WHAT IS NEEDED: The reply should contain every line of the data, repeated exactly, and no pictures.

AVAILABLE DATA:
++++++++++++++++++++

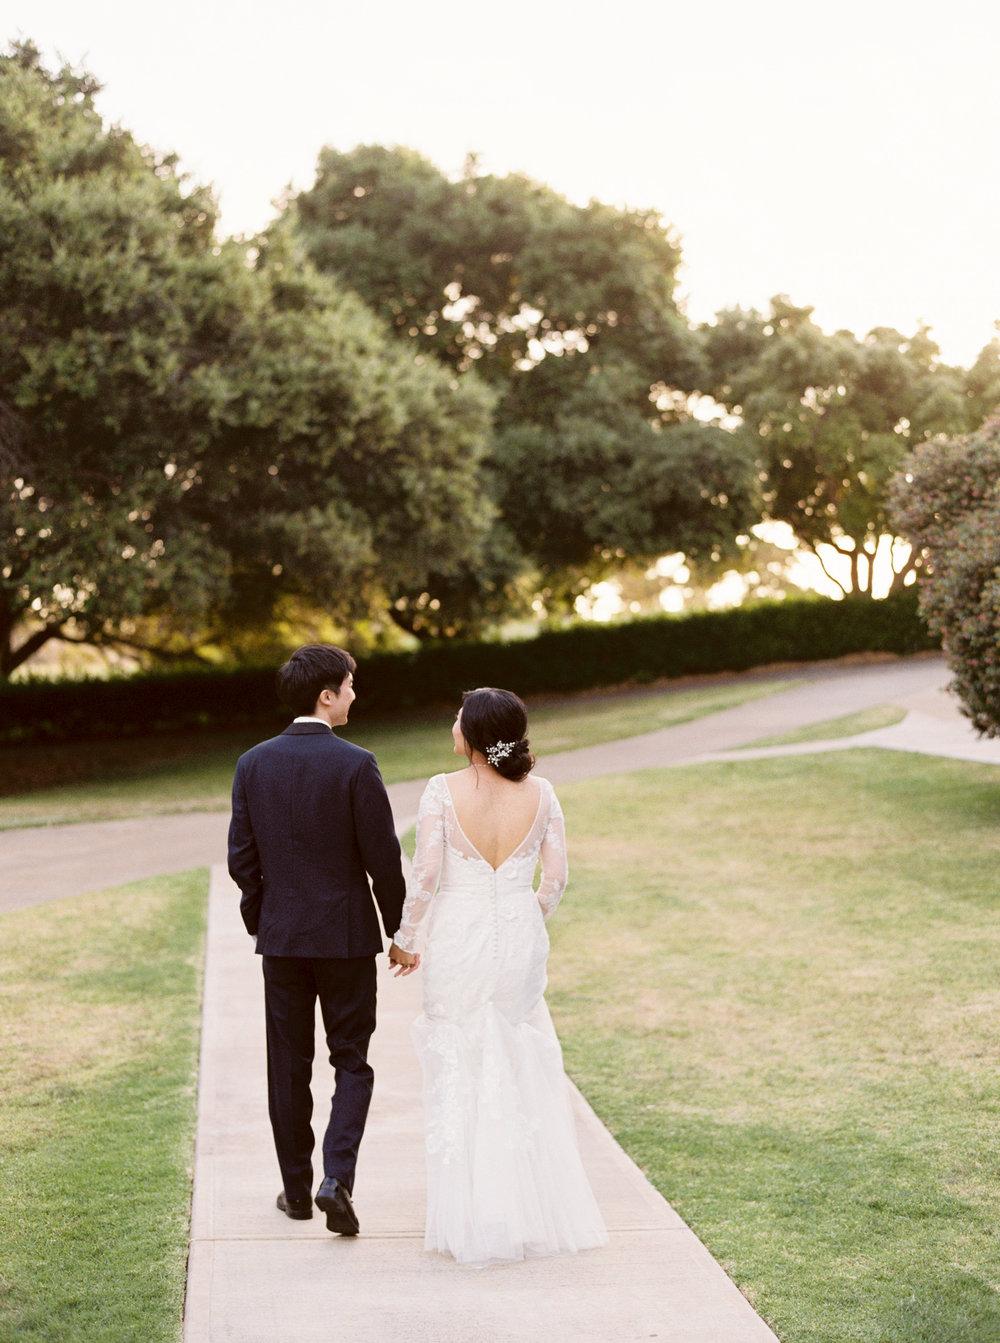 carmel-wedding-at-wedgewood-carmel-california-57.jpg
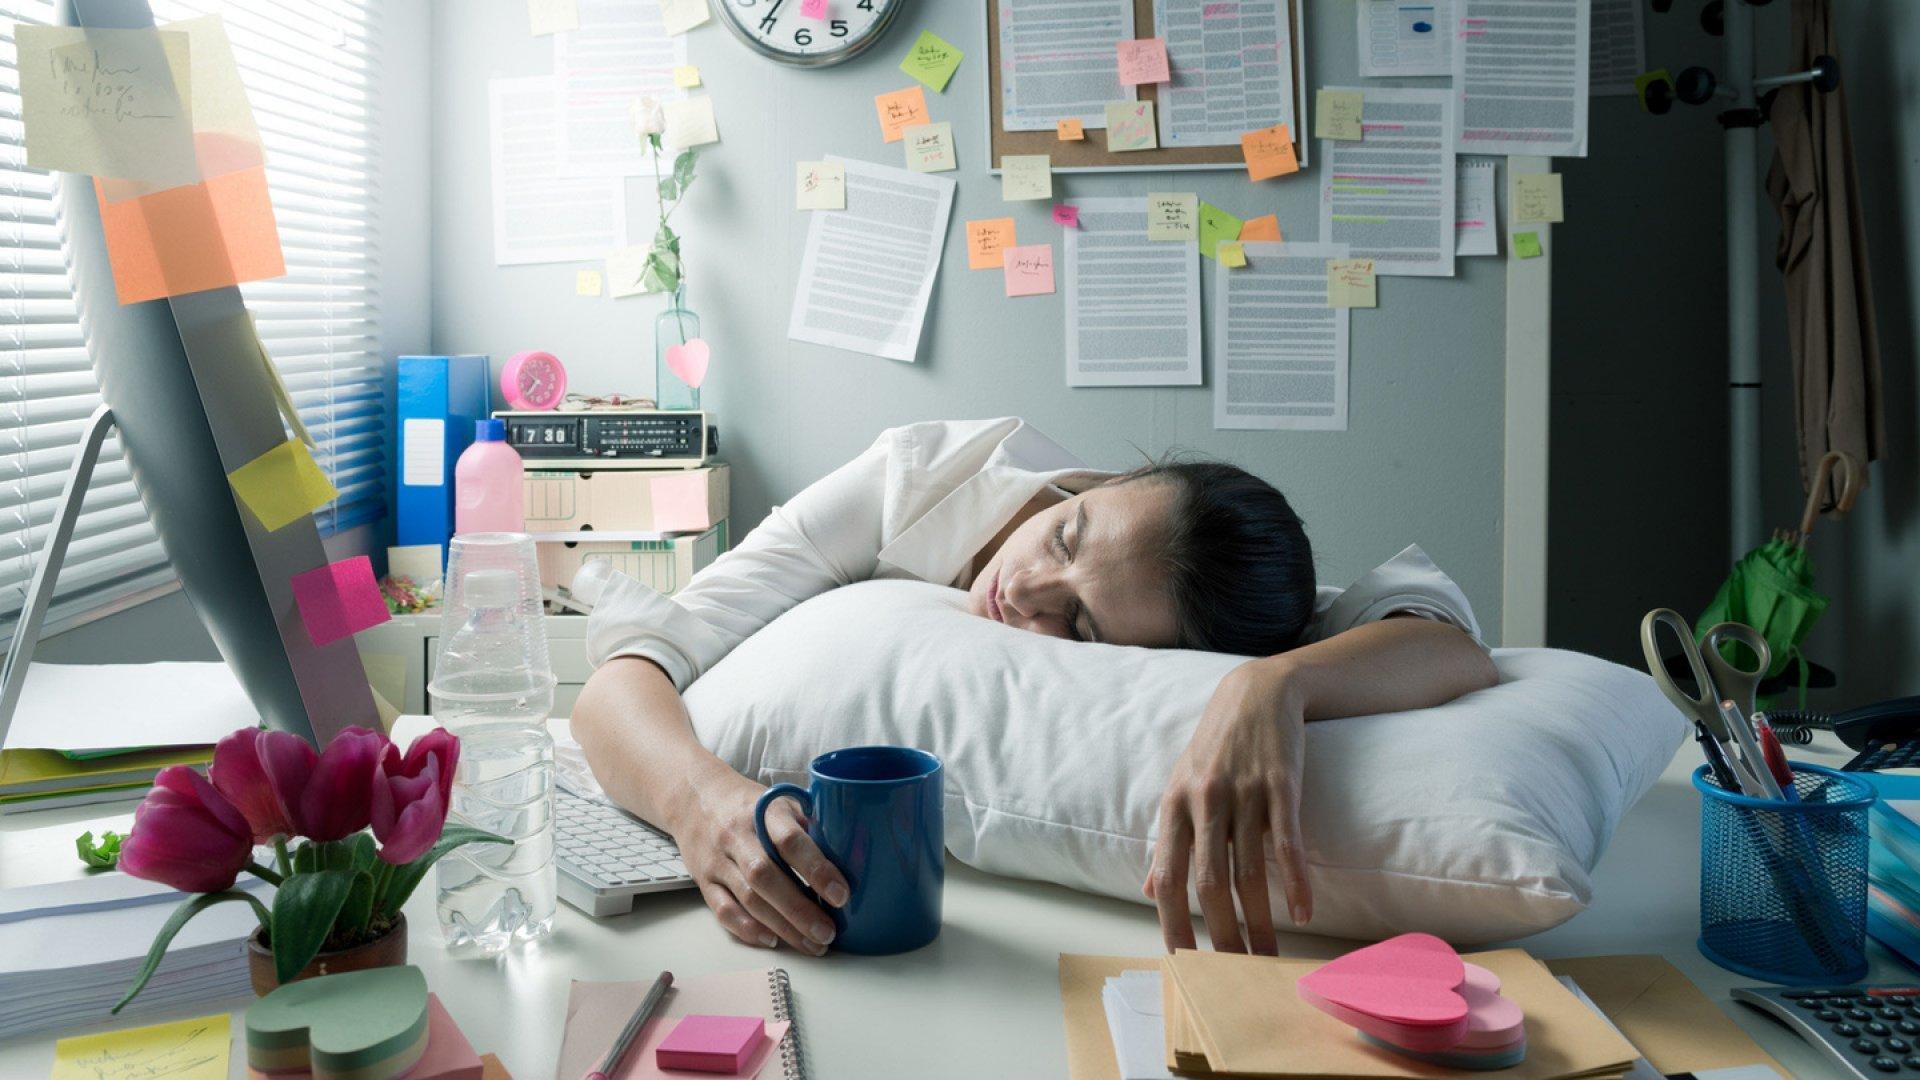 Нехватка сна способствует сохранению негативного опыта
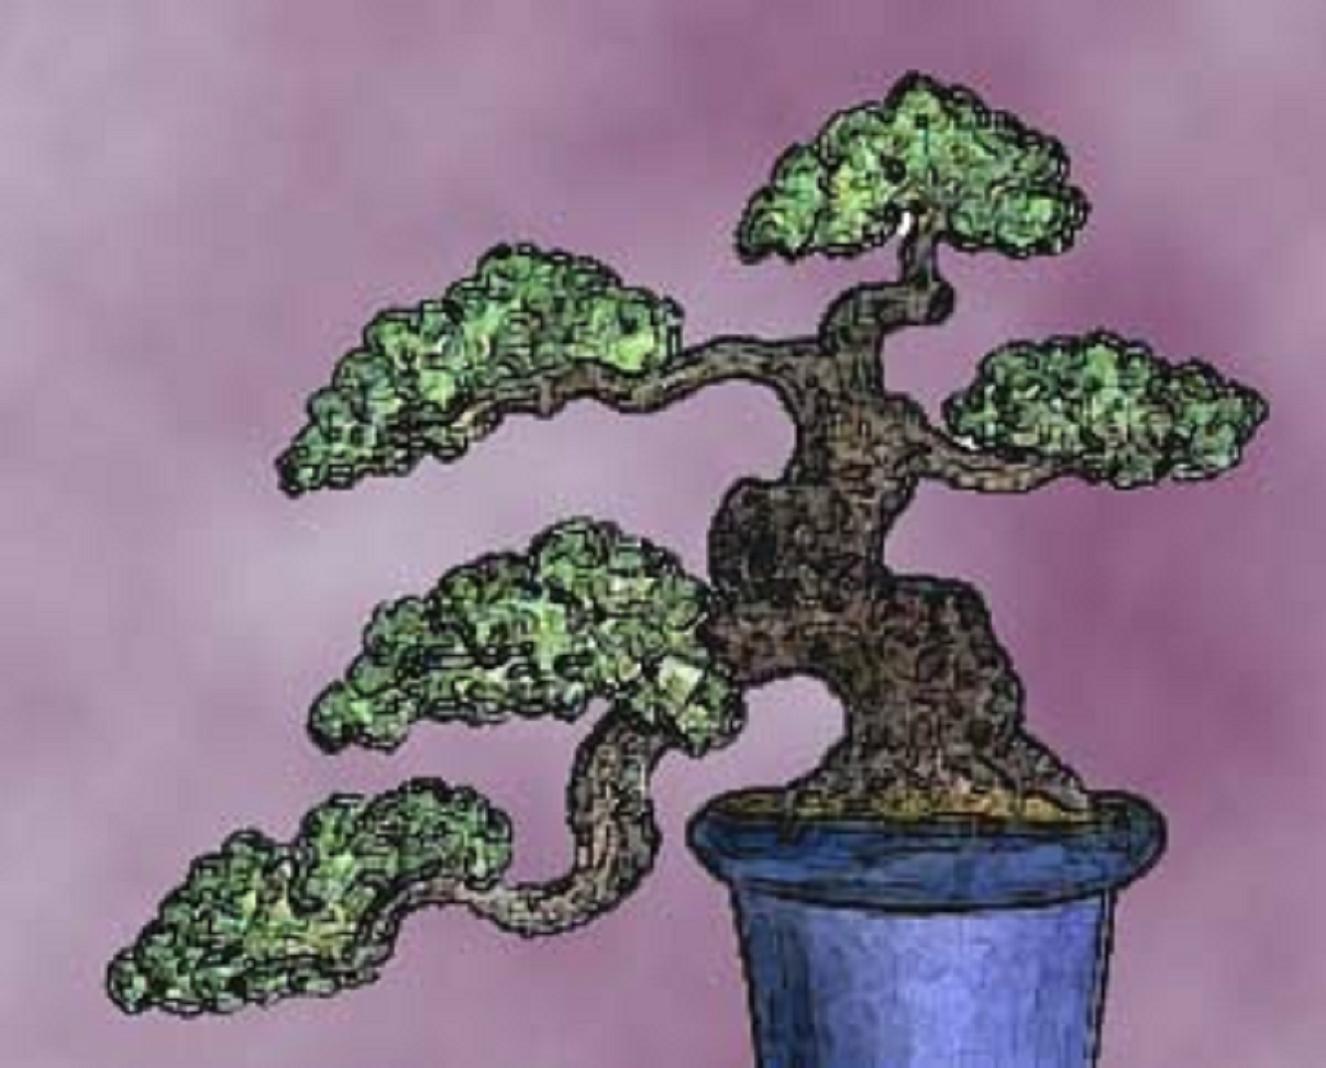 Τὸ δένδρο τῶν προβλημάτων.

++++++++++++++++++++

REPLY TO THE TASK:
 carmel-wedding-at-wedgewood-carmel-california-57.jpg
 Нехватка сна способствует сохранению негативного опыта
 Τὸ δένδρο τῶν προβλημάτων.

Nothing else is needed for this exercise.